* EXERCISE AIM: Drop every picture, then print the rest of the listing exactly as given.

* DATA BELOW:
* * *

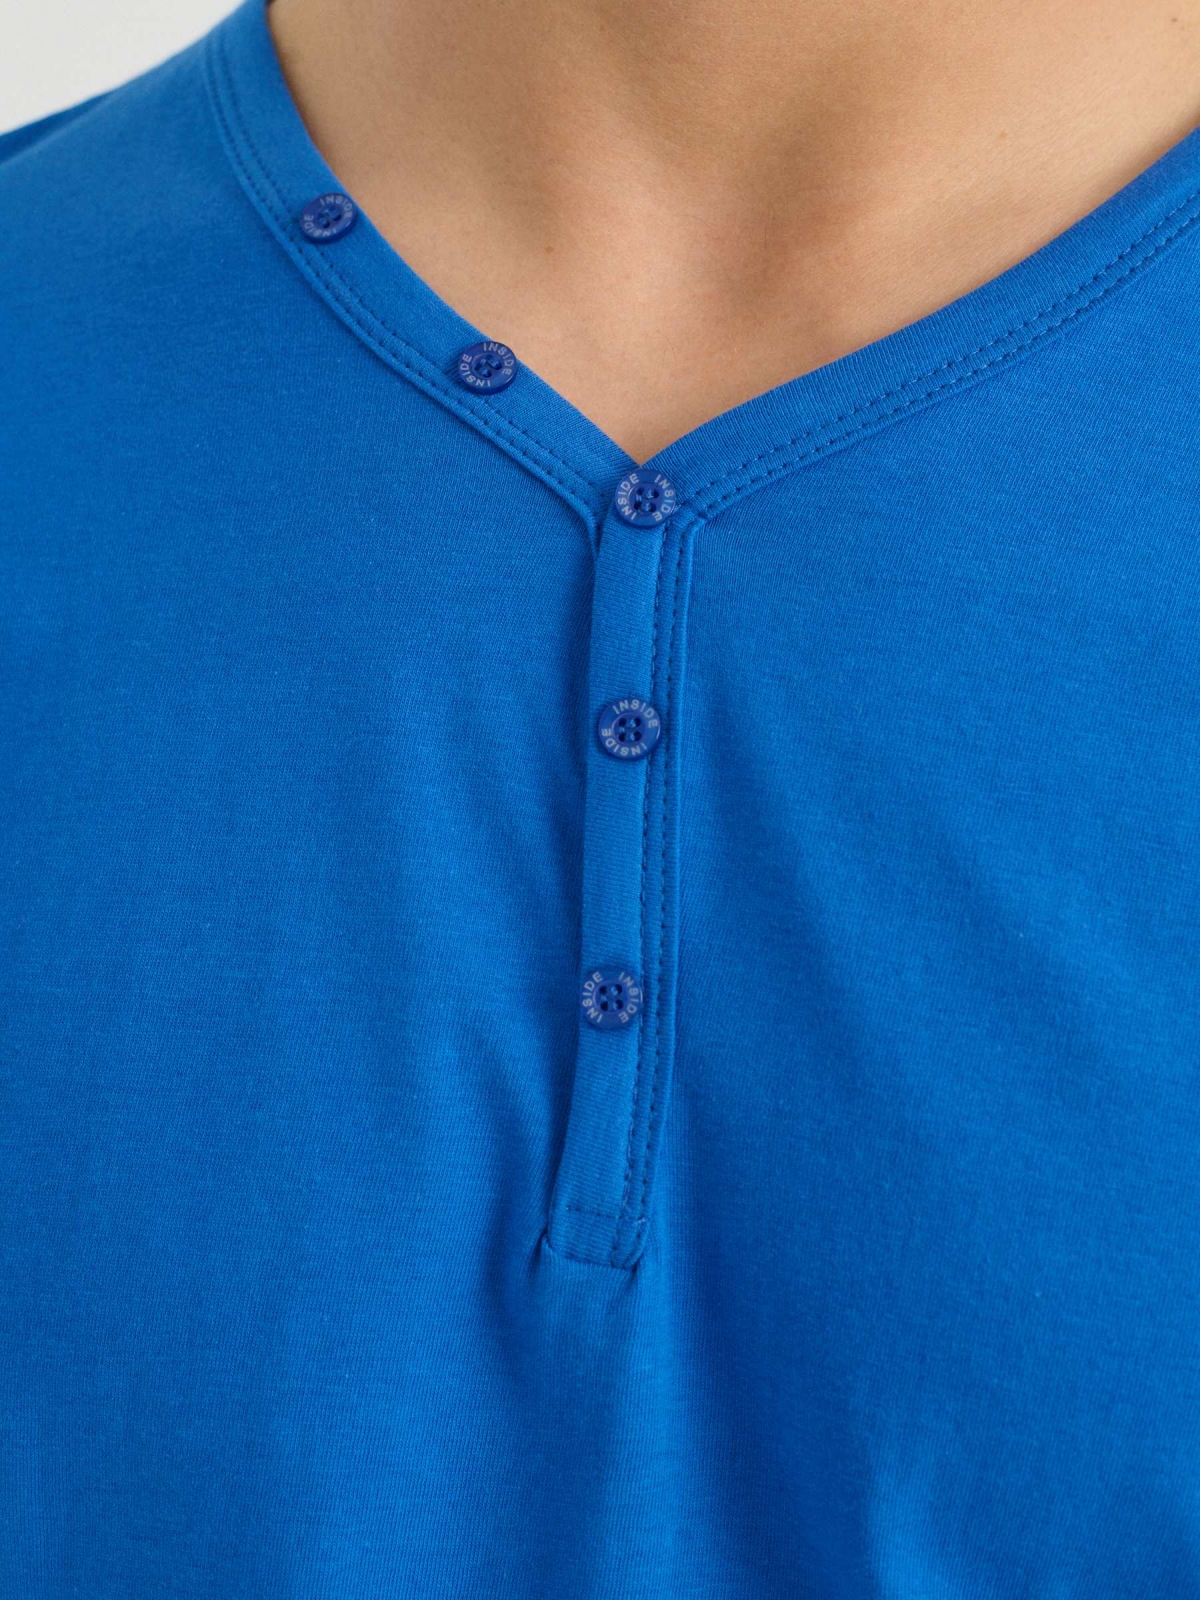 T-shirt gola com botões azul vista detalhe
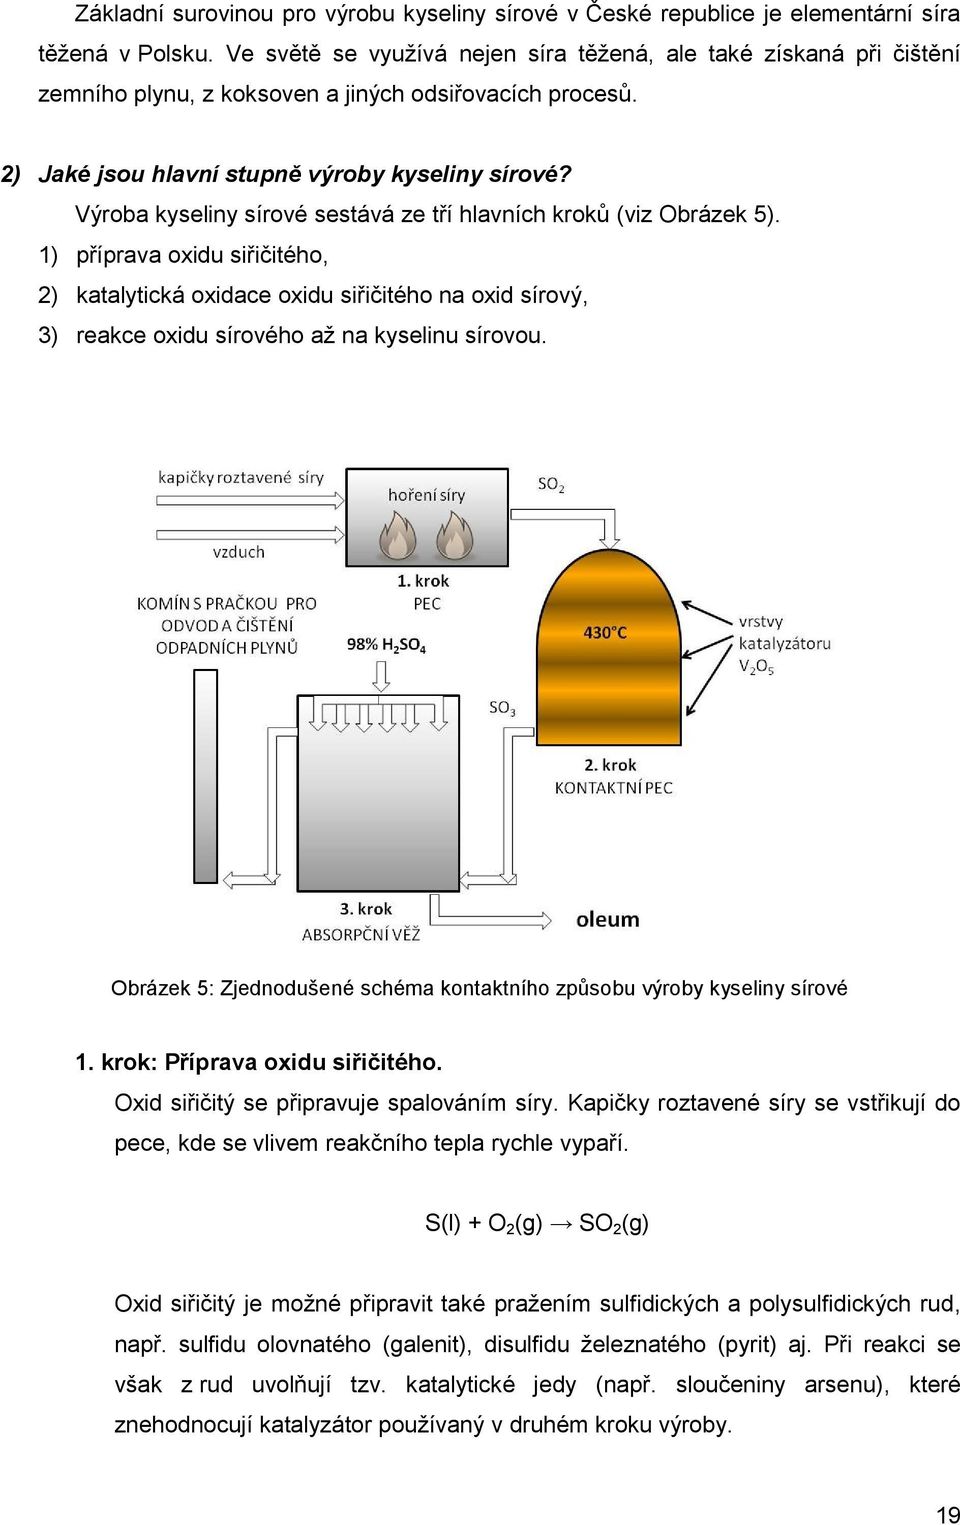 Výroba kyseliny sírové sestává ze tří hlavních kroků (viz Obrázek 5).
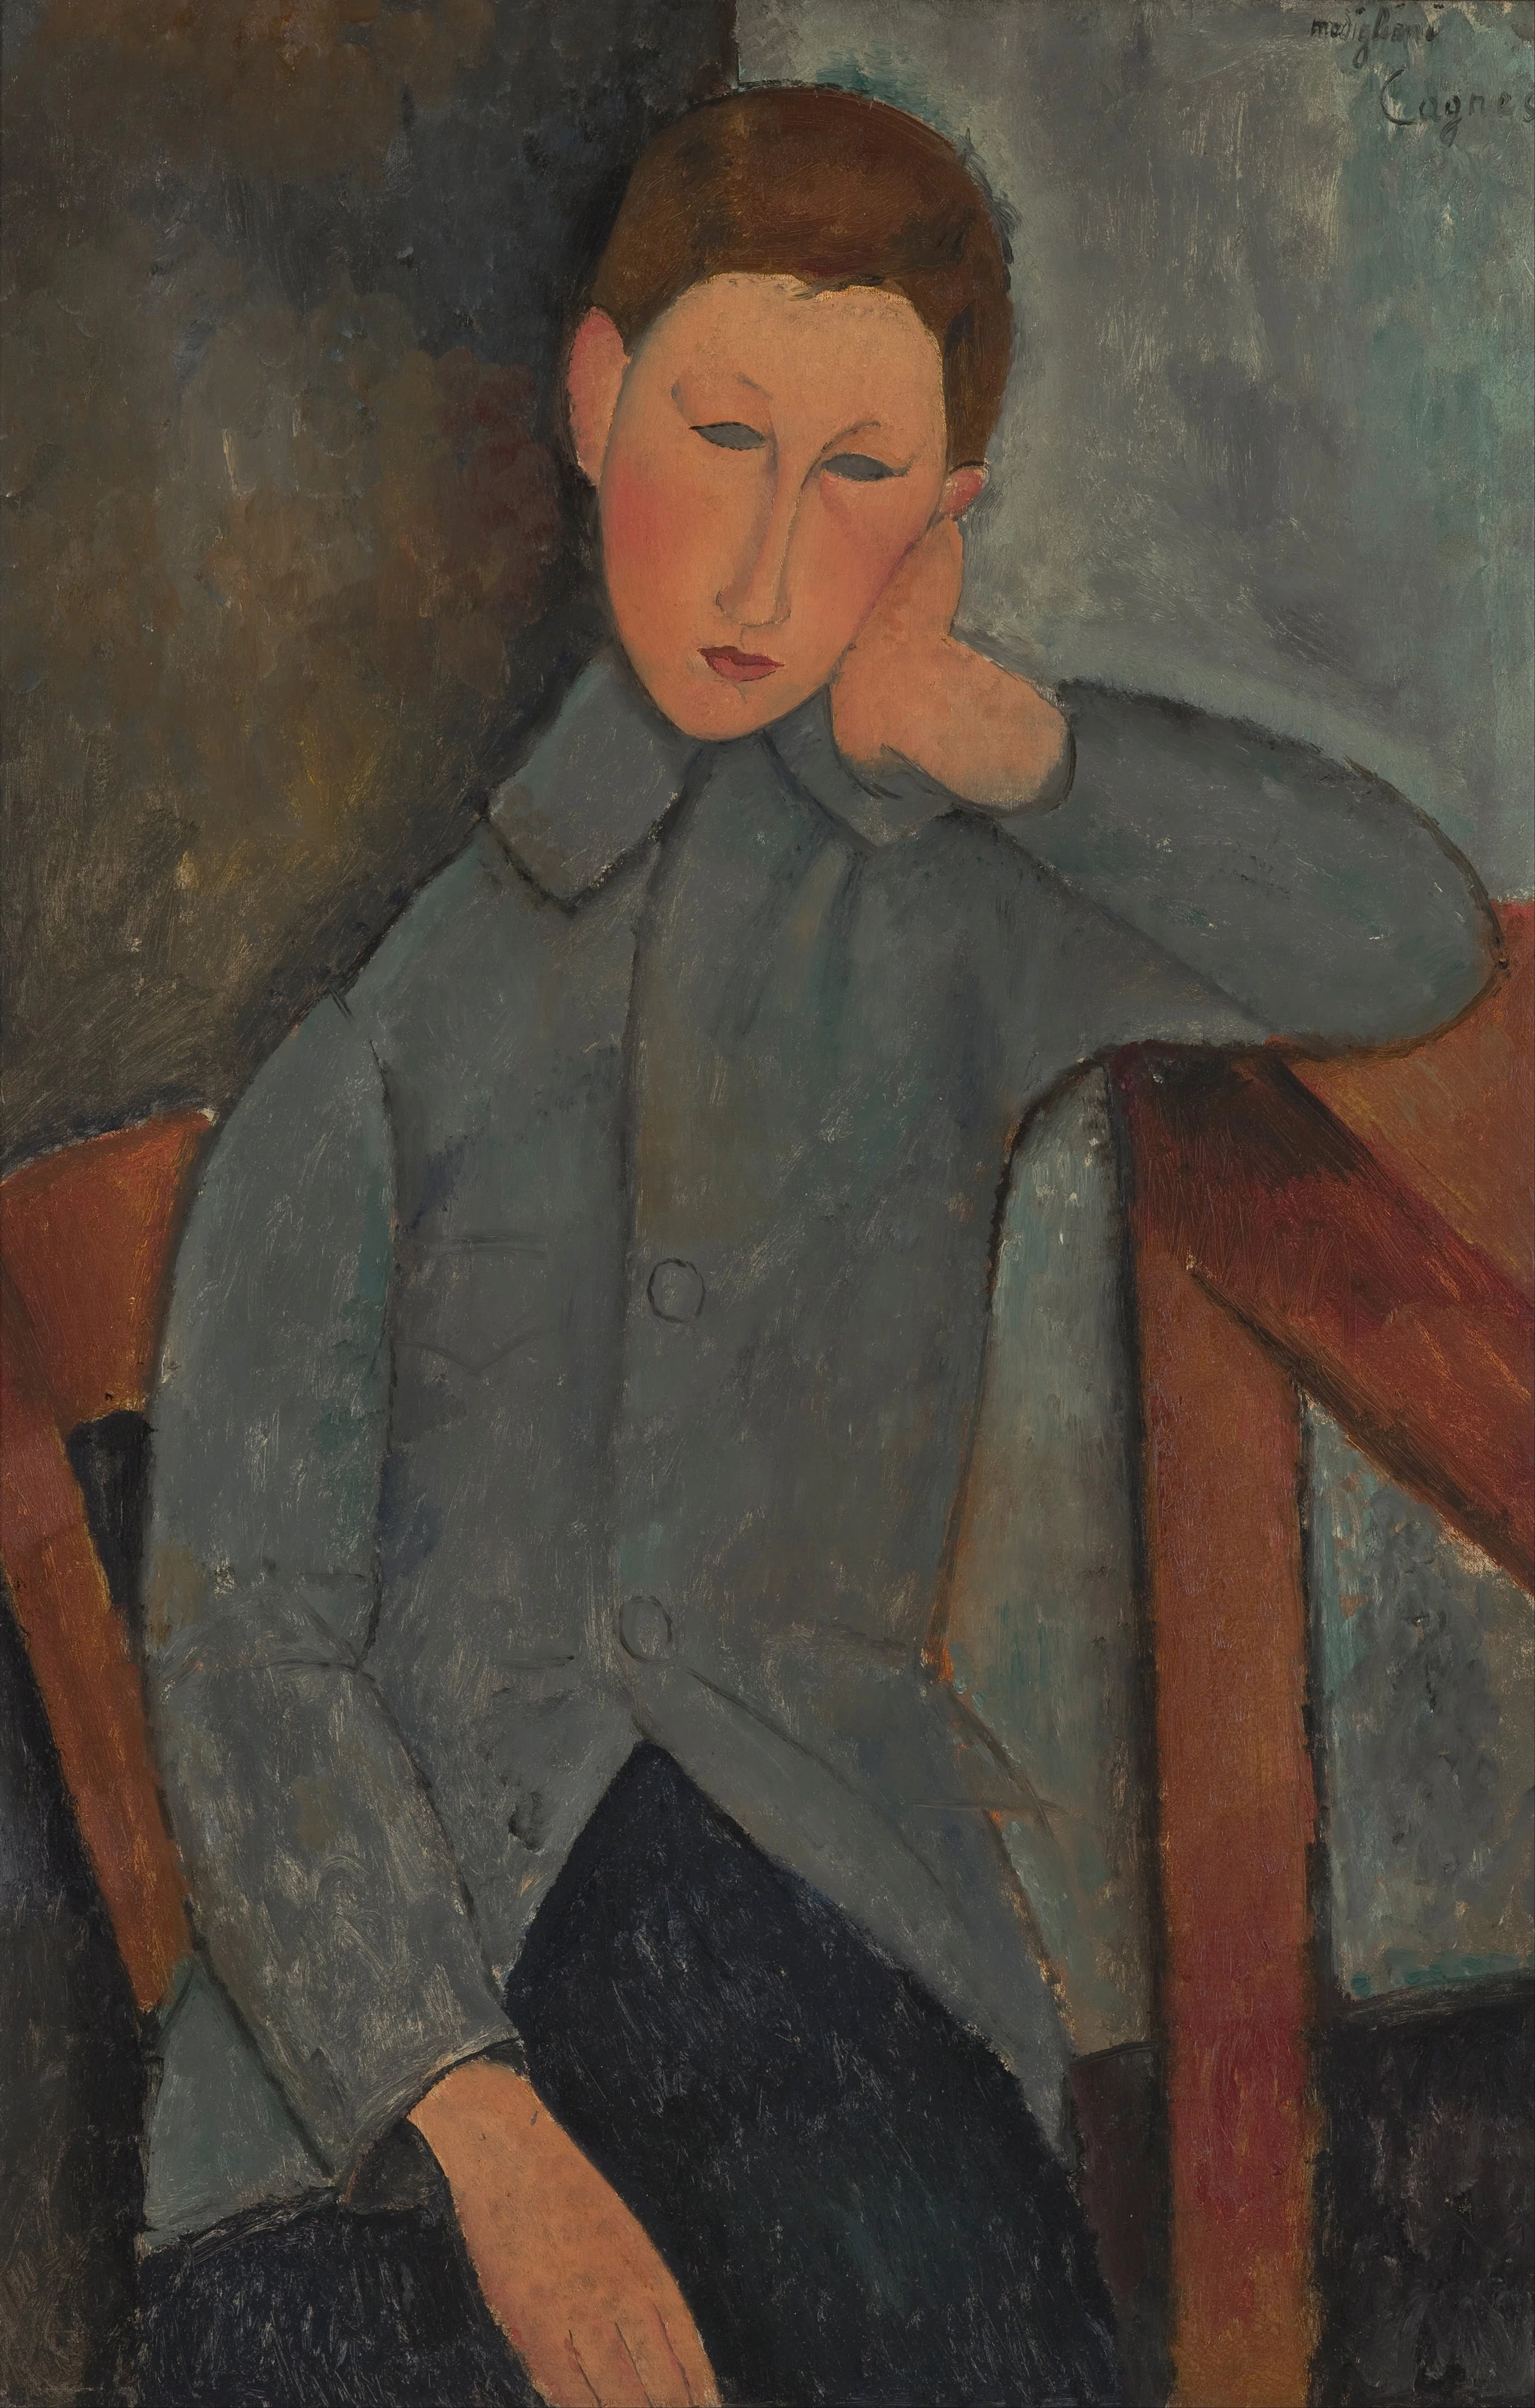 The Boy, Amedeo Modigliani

* * *

* SOLUTION TO THIS PROBLEM:
 T-shirt gola com botões azul vista detalhe
 Výroba kyseliny sírové sestává ze tří hlavních kroků (viz Obrázek 5).
 The Boy, Amedeo Modigliani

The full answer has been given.